Like I said, fragmentation.


Wednesday 10 October 2012

All the World's a Stage, and All the Men and Women Precariously Close to Falling in the Orchestra Pit

Saskatchewan is a lot like a stage. It's large and flat and has some impressive lighting effects. Looking at things this way, it makes perfect sense that we are destined for developing a vibrant theatre culture. It's a slow process, of course, and certain, more Moose Jaw-shaped sections are having a hard go of it (keep on chugging, Rhubarb Productions -- unless you've already gone defunct, in which case, RIP, Rhubarb Productions). But here I shall focus on Saskatoon, where I have made my home for the past five years. Our theatre scene continues to grow and flourish, although it is still difficult to find people who really talk about it. And that is what this Weblog shall be about: talking about it.

This Blog was the victim of many a false-start as I tried to get it up and running. At first, I was going to use Fringe as my launching platform; but alas, due to temporal and monetary constraints, I was only able to catch a relatively small portion of the shows going on at the Festival this summer, and it didn't seem like "Ruminations on the Seven Fringe Shows I Happened to See" made for a particularly auspicious premier entry. Then I contemplated using Two Corpses Go Dancing as my starting point, but I'm still so in love with that play that I don't really trust myself to provide a lot of serious critical discourse on it. A month or so ago, at the Live Five Launch party, I decided it was time I seriously pushed forward. Importance of Being Earnest was going to be my inaugural review, but I got held up, principally because I still hadn't thought of a name. But here it is: Prairie Groundling. I spent weeks in solemn contemplation attempting to find a title that could evoke both theatre and Saskatoon in a suitably pithy manner, and this was the best I came up with (really). And now, at long last, I shall launch this Blog in earnest (see what I did there) tonight, as I go to attend the premier of Greystone Theatre's first title All My Sons. Since Greystone Theatre is where I started writing about theatre in the first place, it seems to be an apropos starting point for my Saskatoon Theatre Blog. Later this week I'll follow with retrospective reviews on Persephone's Importance and Dead Man's Cell Phone. These reviews will not be timely, obviously, but my goal here is not to create a lot of "Go see this / Don't go see this" reviews. Rather, I have the simpler goal of creating a world where, if someone wonders if any writing on their production exists, they can find some.

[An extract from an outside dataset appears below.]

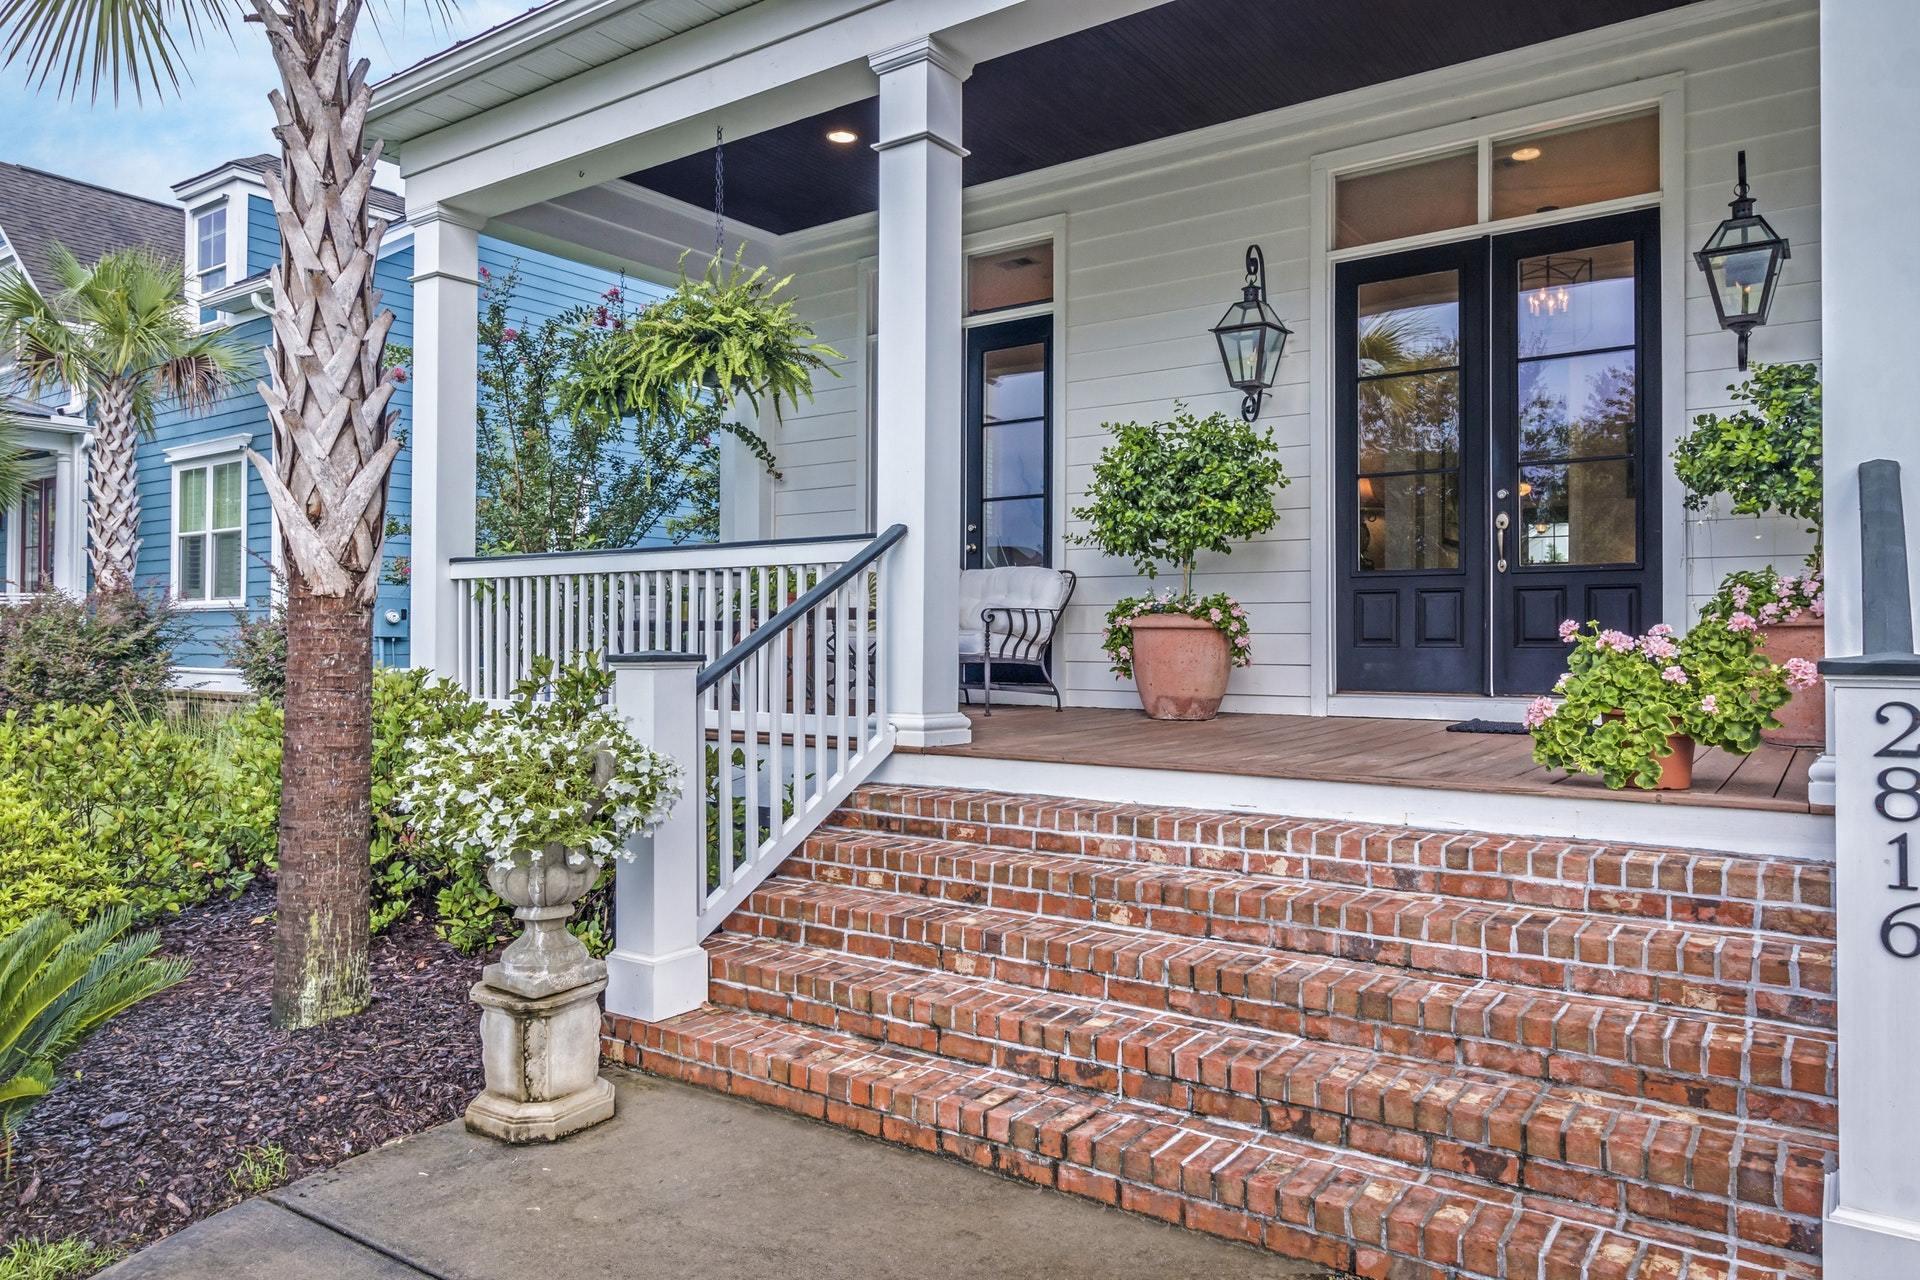 Dunes West Homes For Sale - 2816 River Vista, Mount Pleasant, SC - 13

As I said, false starts. I have given myself pause several times wondering if there really is a point to this Blog. No doubt many of the tens of people who stumble across this page will pose the same question: Why Saskatoon. I have answered this question, finally. I know why Saskatoon because today as I was trying to eat my lunch while a co-worker was talking on the phone about how much she hates Saskatoon. As someone who actually chose to live in Saskatoon, I felt slightly offended. Then I felt a surge of pride. Then it occurred to me that no one else was going to write about Saskatoon's independent theatre scene, so why shouldn't I?

I suppose this is not a terribly inspiring introduction, but it's mine. My name is Blair Woynarski, and this is the Prairie Groundling.